Идут и едут люди не только из ближайшего города. Вот, например, шагает паренек с новым чемоданом. Он из тех, кто в войну удирает на фронт, кто в мирное время жаждет подвигов и путешествий в неведомые страны. Наверняка у паренька имеется собственный план экспедиции на другую планету… Да паренек не один!

— Сашка! — кричит он. — Ну, где ты застрял, вон уж народу сколько собралось!

Из толпы вынырнул Сашка с точно таким же чемоданом. Он хватает дружка за рукав и тащит за собой.

— Гляди, Витька! Ты знаешь, кто это?.. Это сам Алексей Ракитин!

На голос Сашки оборачивается долговязый человек в помятой шляпе и противосолнечных очках.

— Точно, хлопцы, я Алексей Ракитин. Это я шарик нашел! — громко, с радостной, даже заискивающей готовностью представляется Лешка.

— Как же вы его нашли? — сдавленным от почтения голосом спрашивает Витька.

— Скептики часто спрашивают: если на других планетах есть жизнь и межпланетные сообщения возможны, то почему к нам никто не прилетал до сих пор?.. После моей находки мы можем ответить скептикам: «К нам прилетали!» — бойко как по-писаному, отвечает Лешка.

— Видал?!. — многозначительно подталкивает друга Сашка. — Все знает!.. А как вы, товарищ Ракитин, предполагаете, откуда они к нам прилетали?

— Может, с Марса? — добавляет почтительно Витька.

— «Они прилетали с Марса?» — спросим мы «А может, они прилетали с Венеры?» — спрашивает академик Забродин. «Я не знаю, откуда они прилетали», — сказал знаменитый Бахарев! — с готовностью сыплет Лешка.

Ребята переглядываются, сияют, поощренные такой словоохотливостью «самого» Ракитнна.

— Вы человек знаменитый, от вас ничего не скрывают. Началось, правда? — доверительно спрашивает у него Витька.

— Не робей, хлопцы! — подтверждает Ракитин, шмыгая красным носом. — У вас еще все впереди. Может, и вы какой-нибудь шарик найдете!

Витька и Сашка понимающе перемигиваются. Конечно, Ракитин не хочет, да и не может разговаривать с ними о делах секретных. Однако…

— На повестке дня теперь один лозунг: даешь космос! Верно? — подмигивает Сашка. — Одна ракета без людей скоро на Венеру приземлится, а десять других небось готовятся лететь?!

Постепенно вокруг начинает образовываться толпа. И если сначала это радовало Лешку, то теперь, заметив в глазах обступающих молодых людей «практический» интерес к беседе, он уже подумывает, как бы улизнуть. А пареньки наседают.

— Вы не думайте, хоть у нас десятилетка за плечами, мы люди не гордые! — заверяет Лешку Витька. — Мы на все согласны; таскать, что потяжелее, землю копать, гвоздики забивать — только бы для межпланетного полета!

— Если нужно для опыта забросить кого-нибудь на Марс или другую планету, то пожалуйста! — выступает еще один паренек из толпы. — Всё лучше меня, чем кроликов…

— Мы еще вернемся к этому разговору, а пока… Адью, старики, адью! — многозначительно говорит Ракитин и поспешно выбирается из толпы.

Гигантские антенны ЦСУ, сверкающие над облачным полетом. К их подножию опускаются сразу два вертолета. На площадке уже стоят три вертолета.

В нише у основания антенн стоят ученые. Многих из них мы уже видели при разгадке тайны шара. Здесь и «тектонист», и руководитель института радиоактивных веществ, и другие.

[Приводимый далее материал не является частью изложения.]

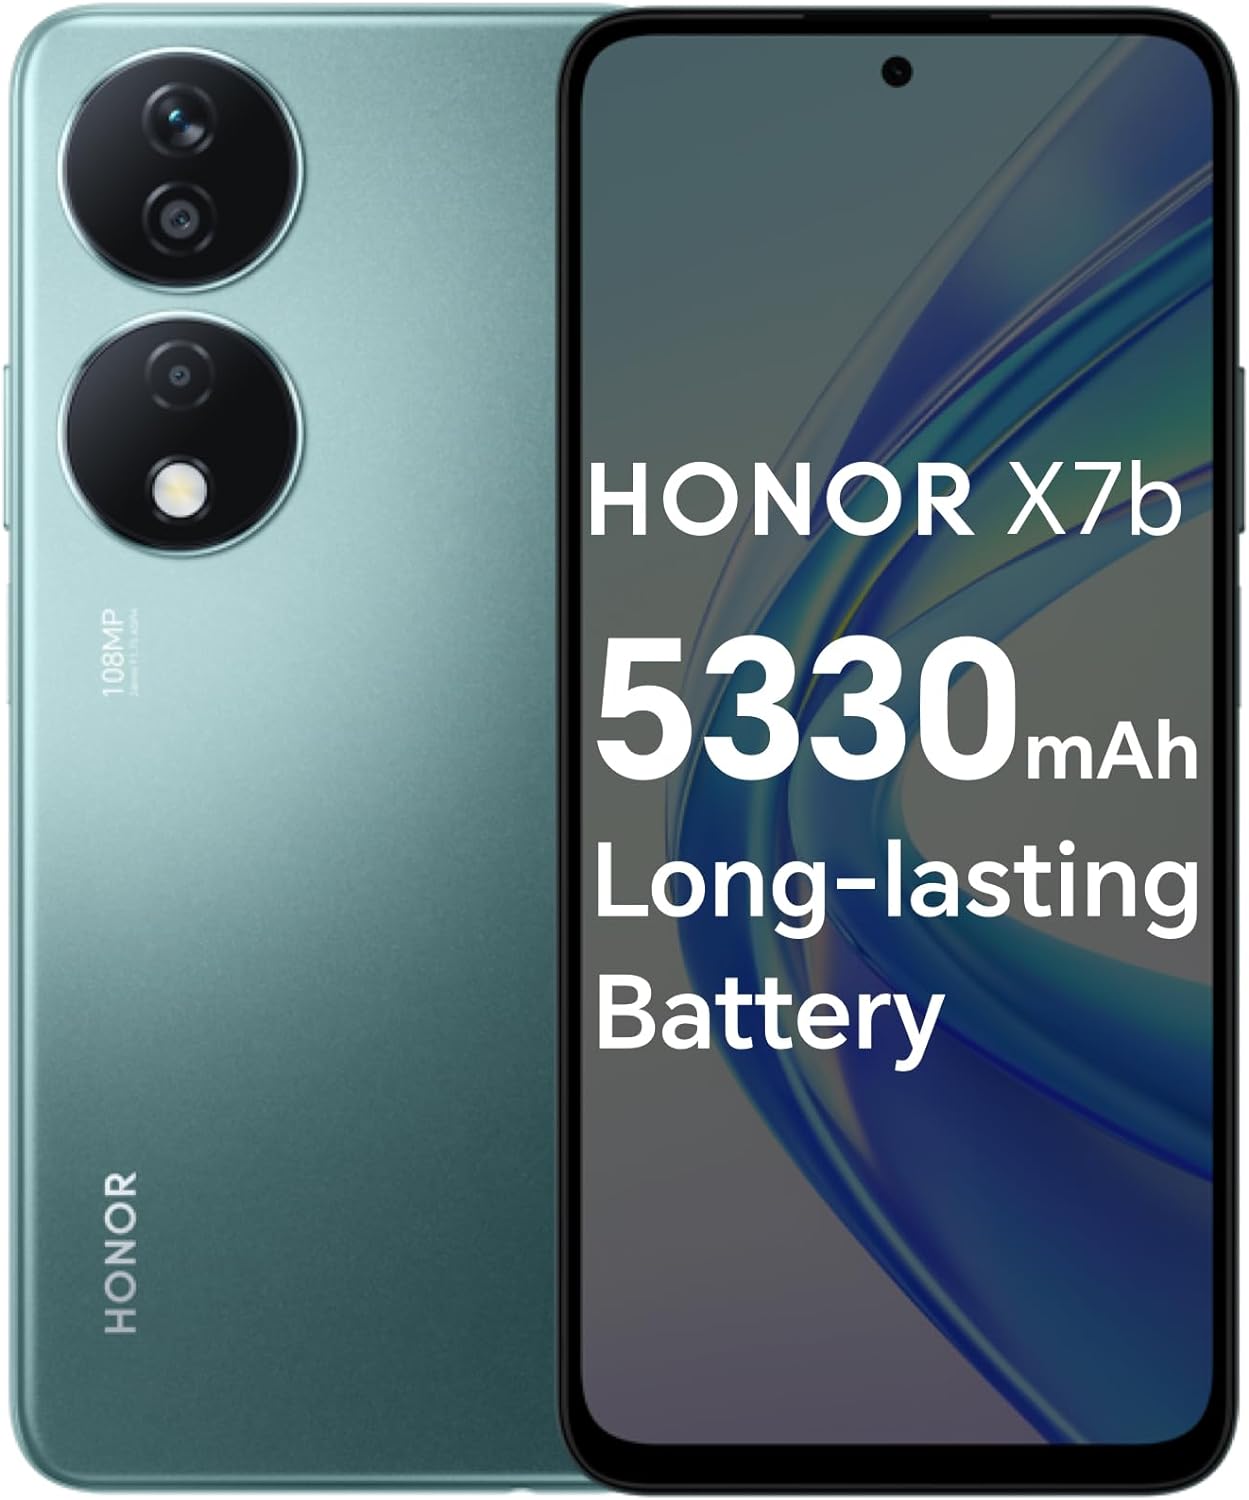 The HONOR X7b mobile phone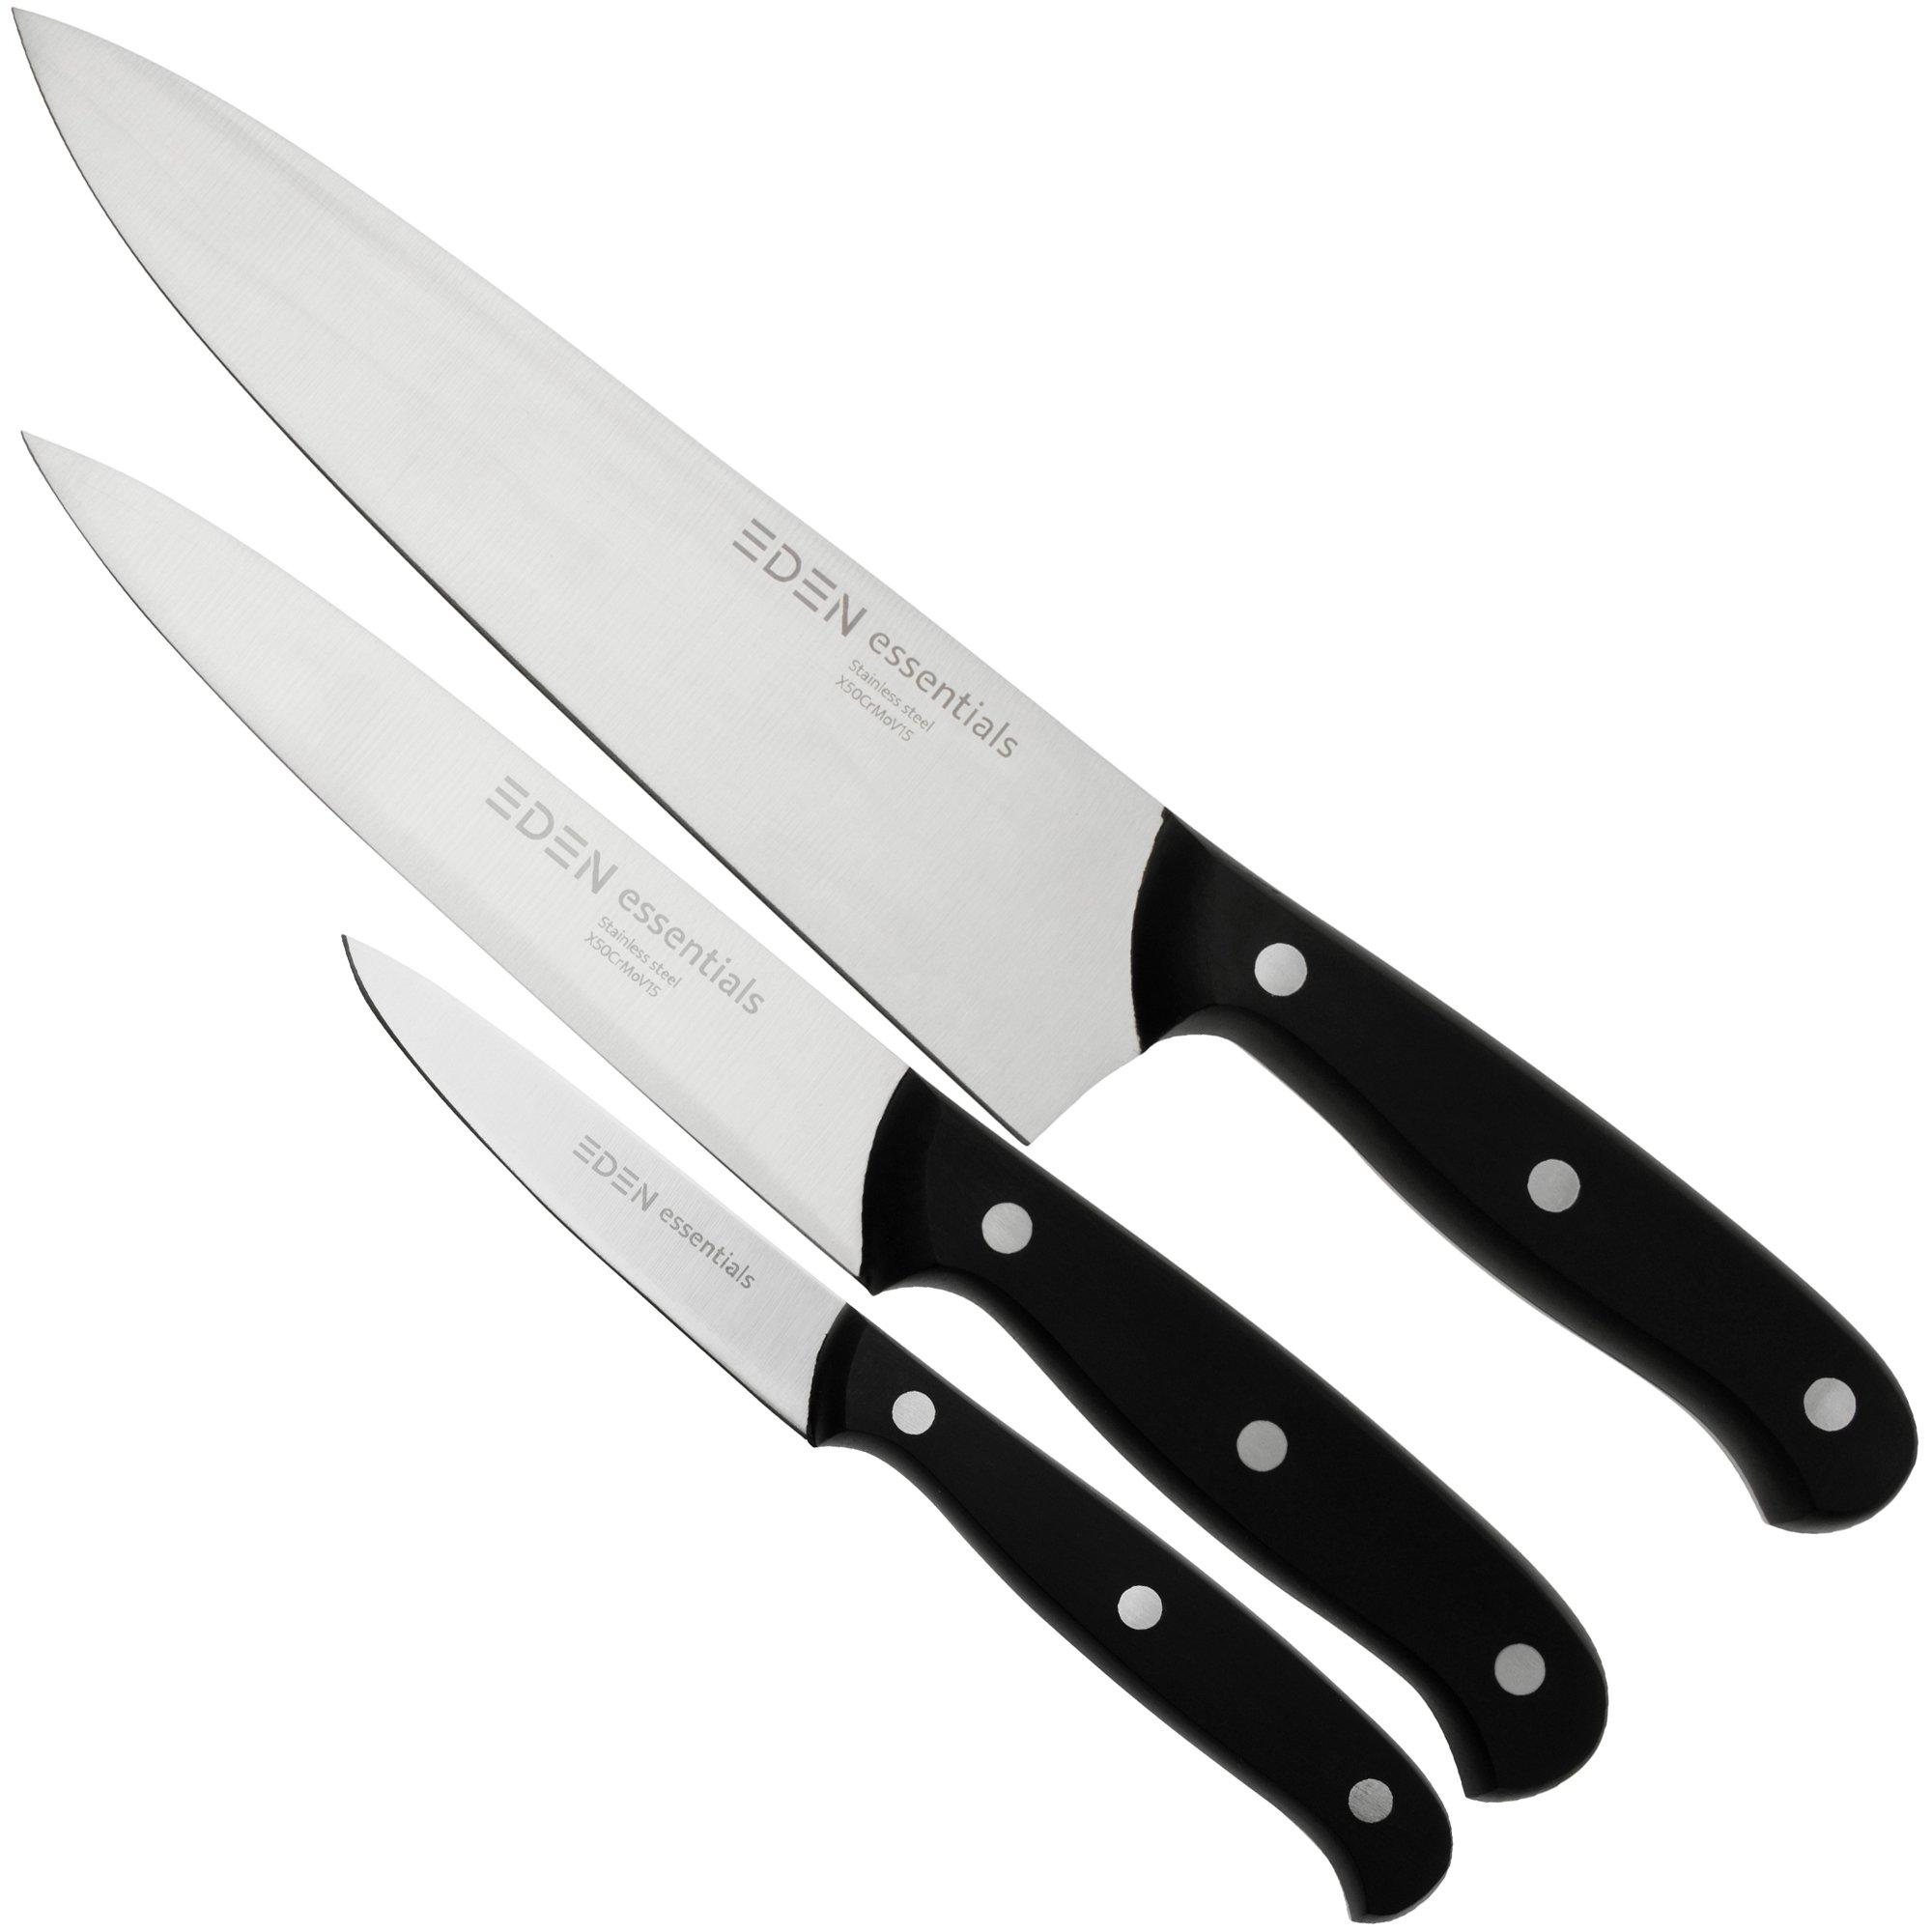 Nontron Traditional Set of 3 Kitchen knives, T3OFRBU 3-piece knife

Президент смотрит на часы и говорит:

— Ну что ж, товарищи… до посадки ракеты осталось пятнадцать минут… Пойдемте потихонечку.

И вся группа во главе с президентом входит в помещение ЦСУ.

Большой экран ЦСУ. Венера уже не умещается на нем. Сплошной сверкающий желтый хаос! Мутные расплывчатые пятна бесконечным потоком ползут перед глазами…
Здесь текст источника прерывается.